Author: Vikramjit S Kanwar, MD, MBA, MRCP(UK), FAAP; Chief Editor: Robert J Arceci,
MD, PhD

Background
Several reports were published over the last century describing patients
from tropical areas with massive splenomegaly. After excluding known
causes of splenomegaly, tropical splenomegaly syndrome was defined as a
separate entity.
[1, 2, 3]
This condition was later defined as hyperreactive
malarial syndrome (HMS) using clear diagnostic criteria.
[4, 5]

Young patient with hepatomegaly and massive
splenomegaly.
Pathophysiology
HMS is prevalent in native residents of regions where malaria is endemic
and visitors to those regions. Patients with HMS have high levels of
antibody forPlasmodium falciparum, Plasmodium vivax, or Plasmodium
ovale.
[6]

Genetic factors, pregnancy, and malnutrition may play a role in the etiology
of HMS. Relative protection against HMS is observed in patients with sickle
cell trait, as it is with malaria.

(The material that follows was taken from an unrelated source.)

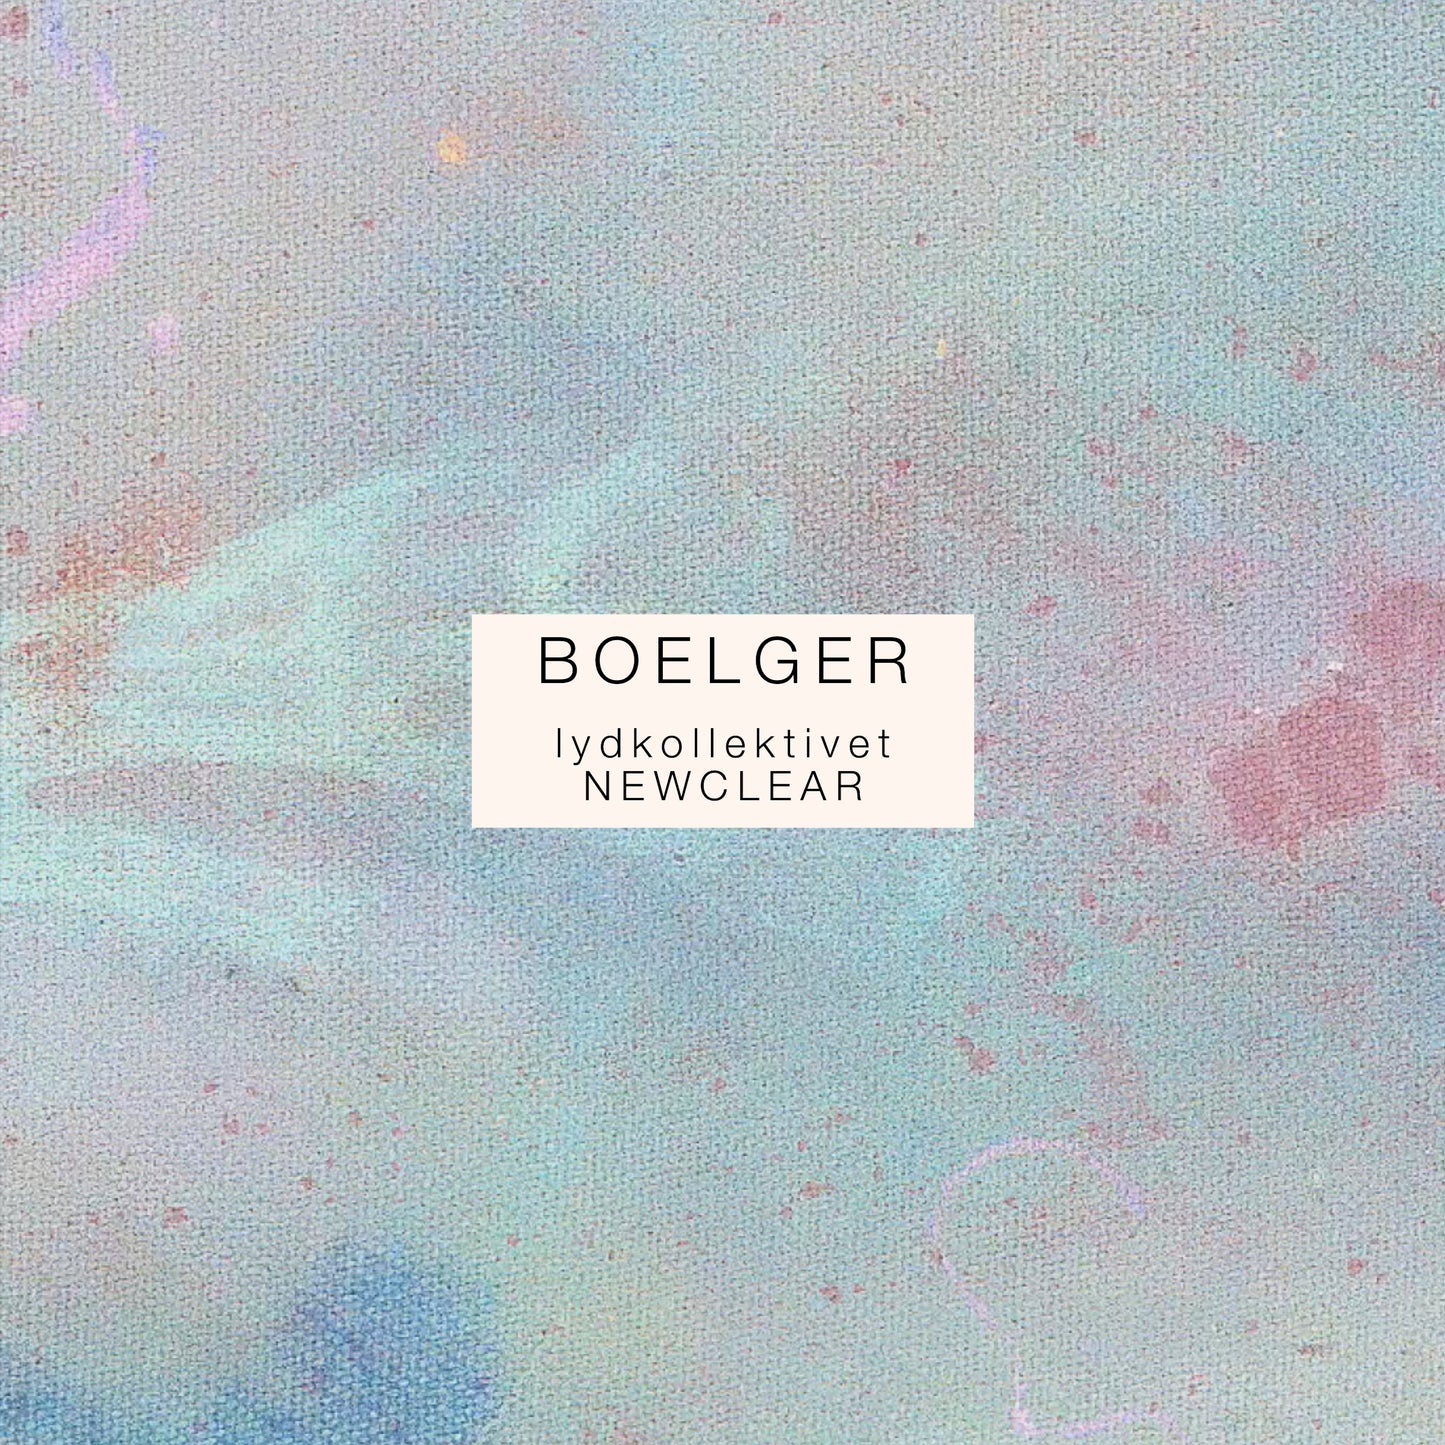 Boelger - Lydkollektivet Newclear

In experimental models, animals developed a
similar syndrome after malarial infection.
Although the exact mechanism is uncertain, evidence suggests that
exposure to malaria elicits exaggerated stimulation of polyclonal B
lymphocytes, leading to excessive and partially uncontrolled production of
immunoglobulin M (IgM) as the initiating event.
[7]
IgM is polyclonal and is
not specific for any particular malarial species.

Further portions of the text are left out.